WORK TO COMPLETE:
The task calls for an exact retyping of the lines from the one holding "Goorin Bros Queen" through the end of the listing, with pictures omitted and nothing added.

PROVIDED DATA:
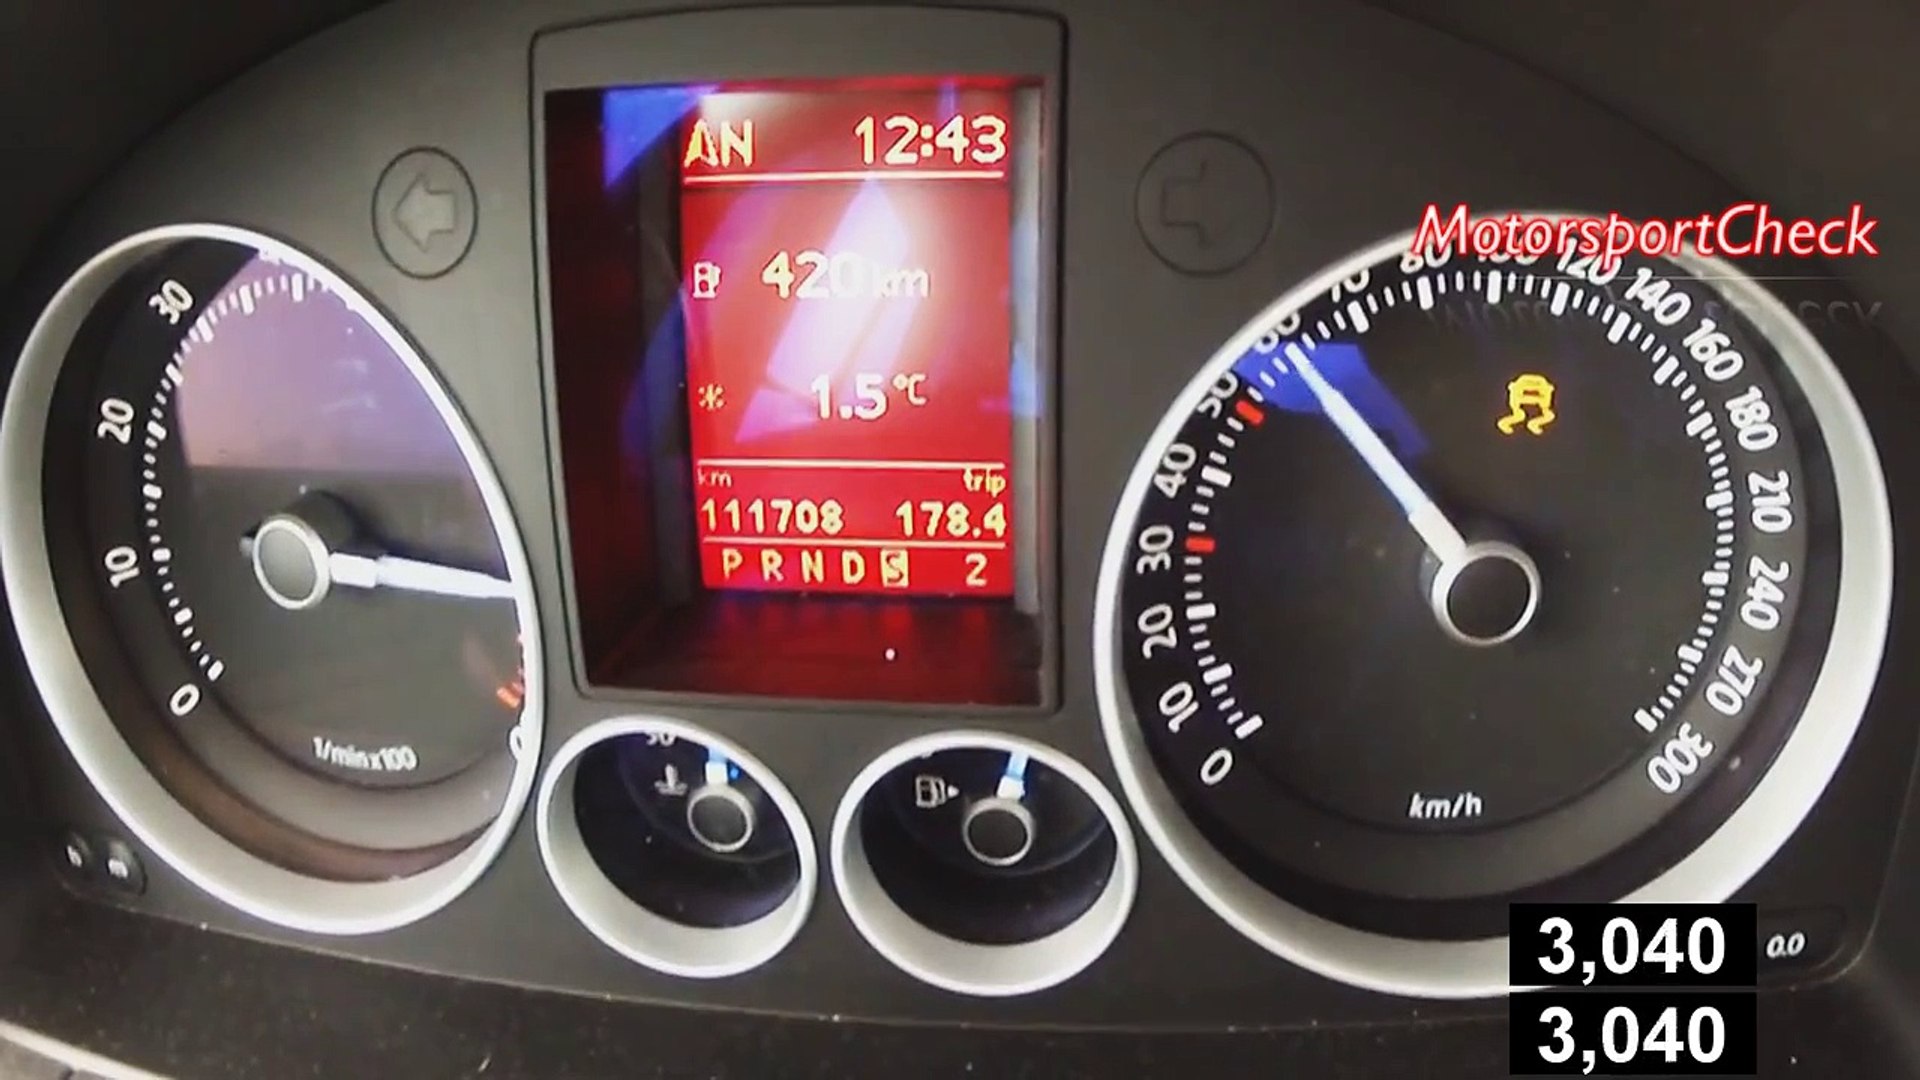 VW Golf 5 V R32 DSG 0-100 0-200 Sound Acceleration test - video Dailymotion
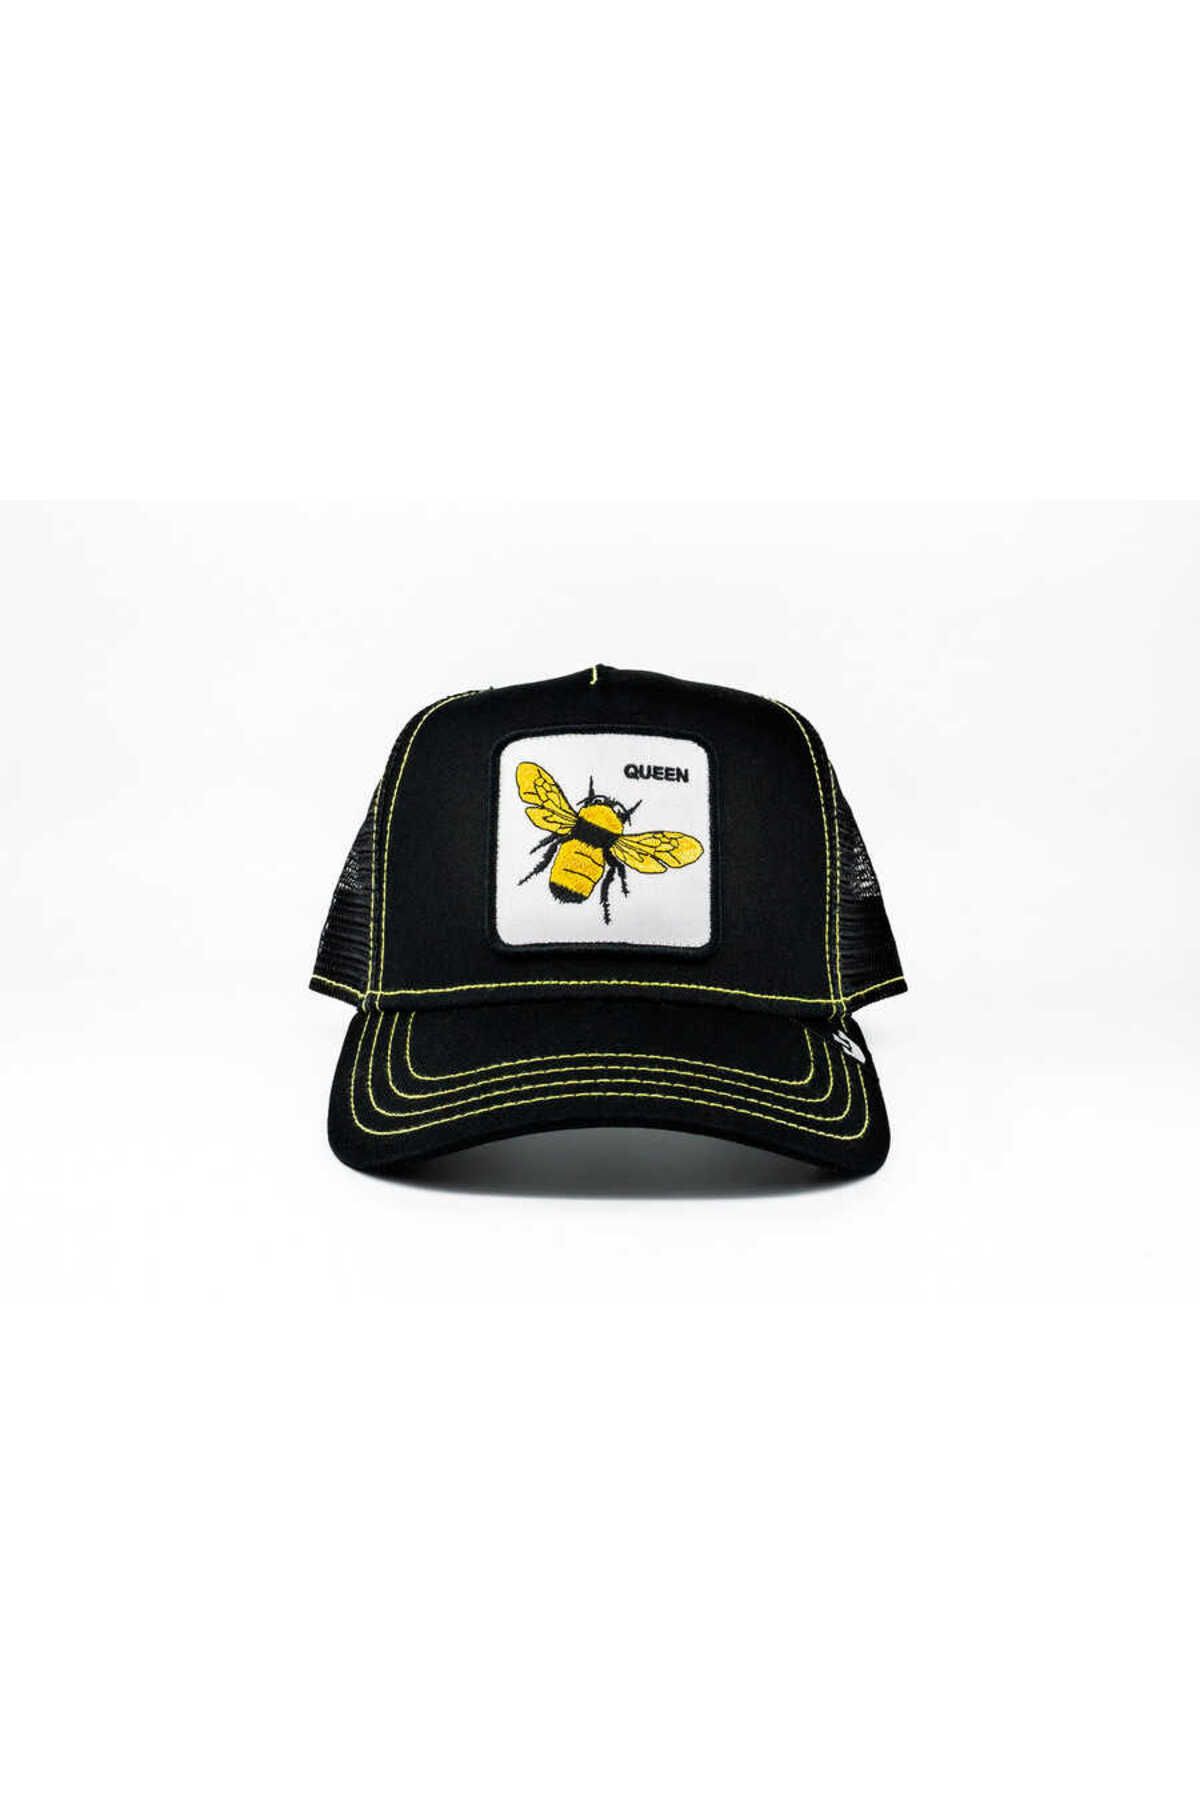 Goorin Bros Queen Bee (ARI FİGÜRLÜ) 101-0245 Şapka
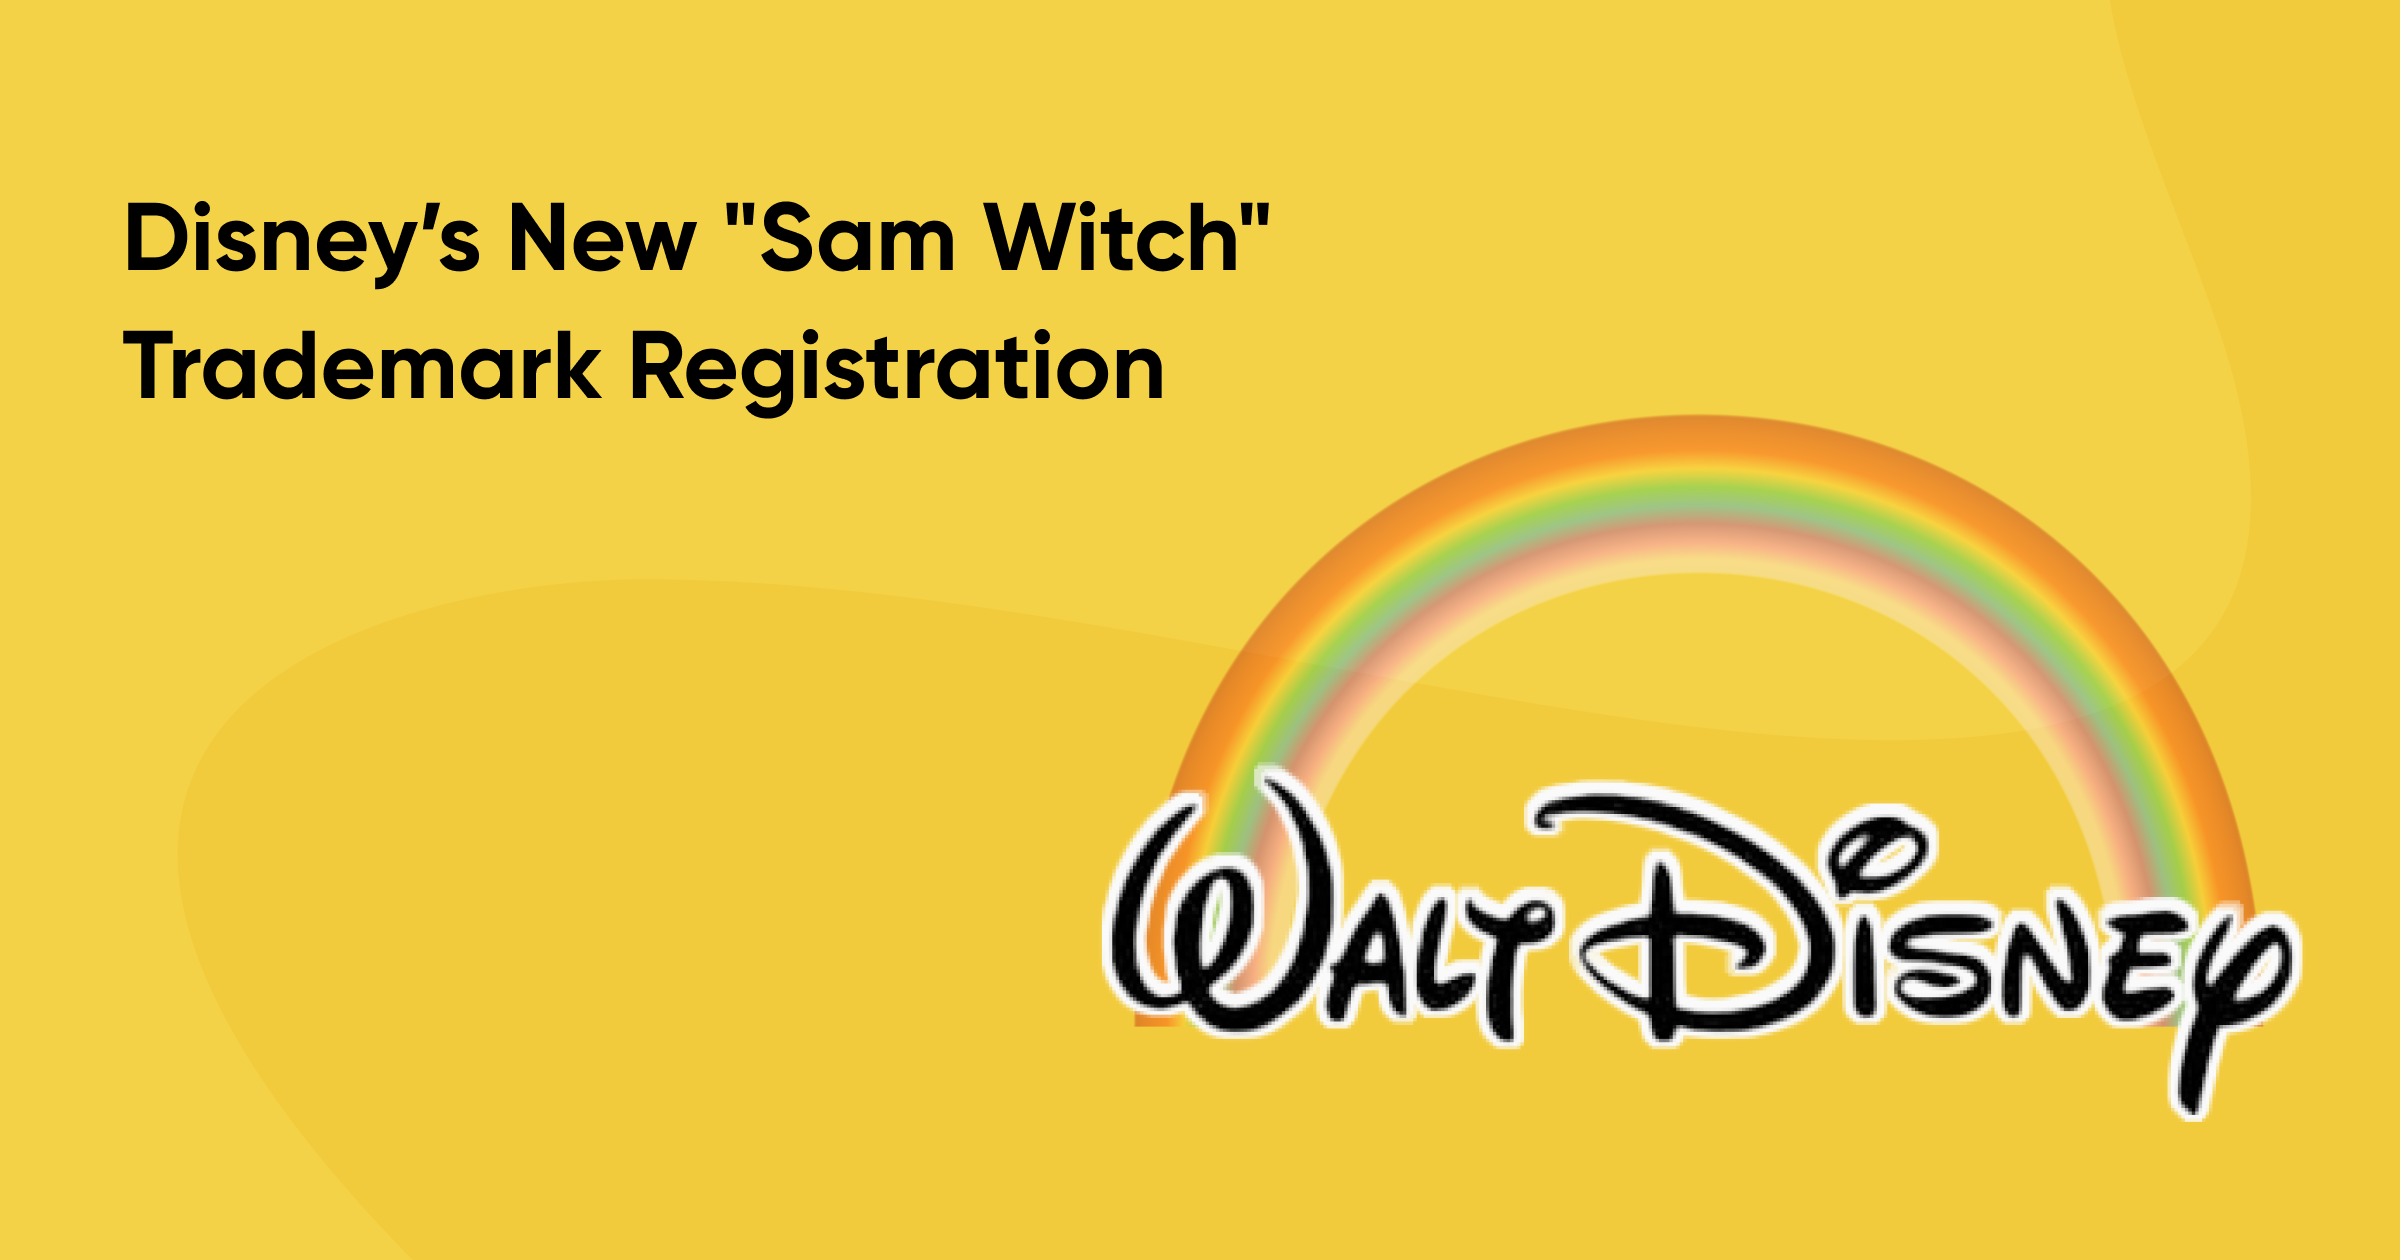 Disney’s New "Sam Witch" Trademark Registration
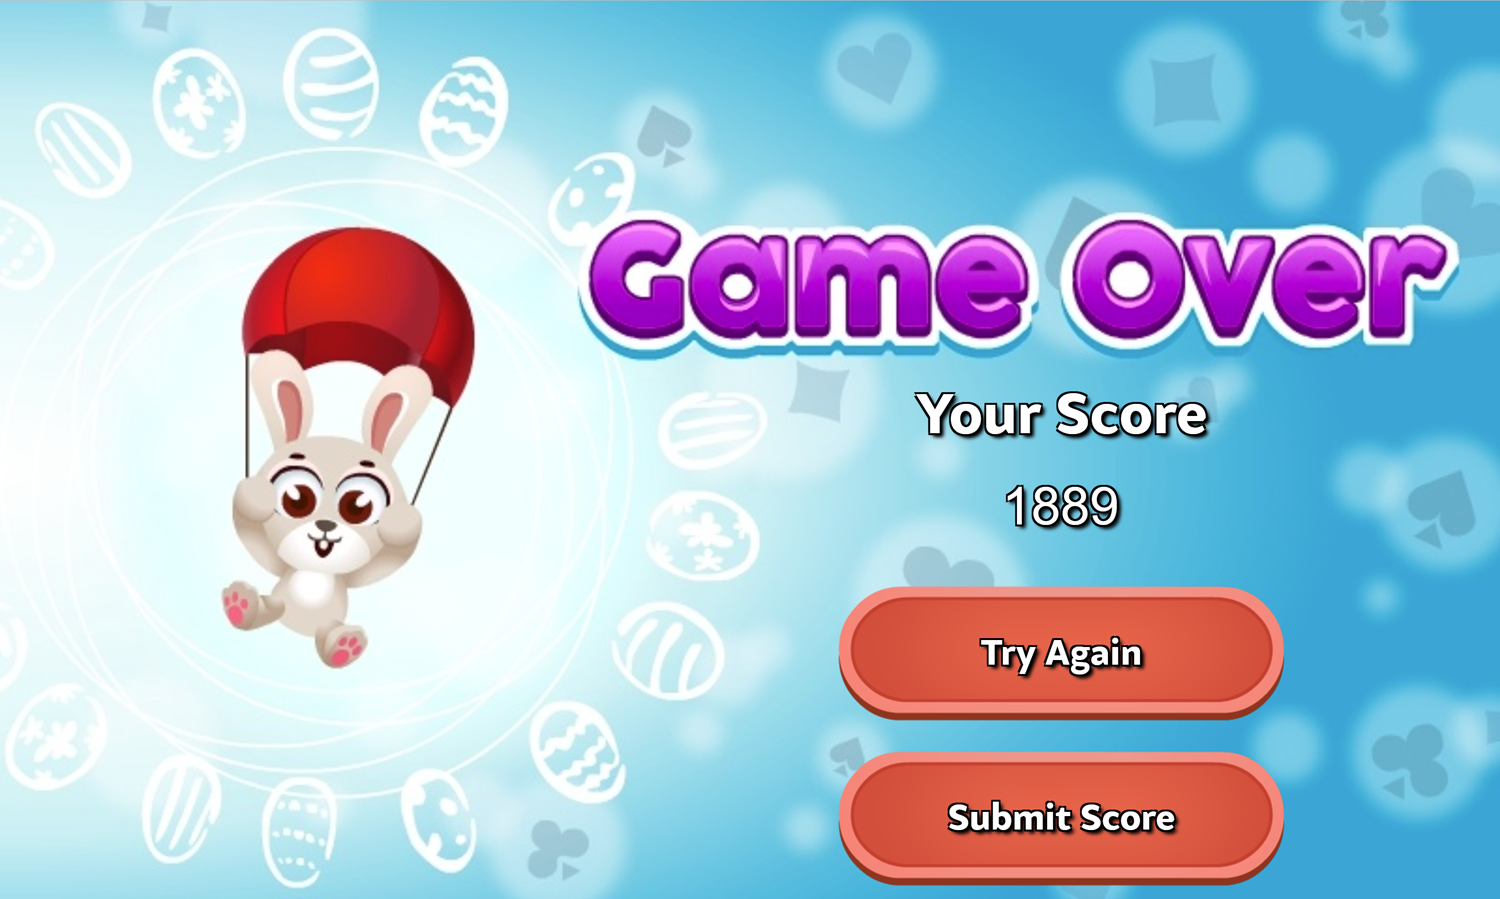 Bunny Solitaire Game Over Screen Screenshot.

ANSWER BELOW:
 Goorin Bros Queen Bee (ARI FİGÜRLÜ) 101-0245 Şapka
 Disney’s New "Sam Witch" Trademark Registration
 Bunny Solitaire Game Over Screen Screenshot.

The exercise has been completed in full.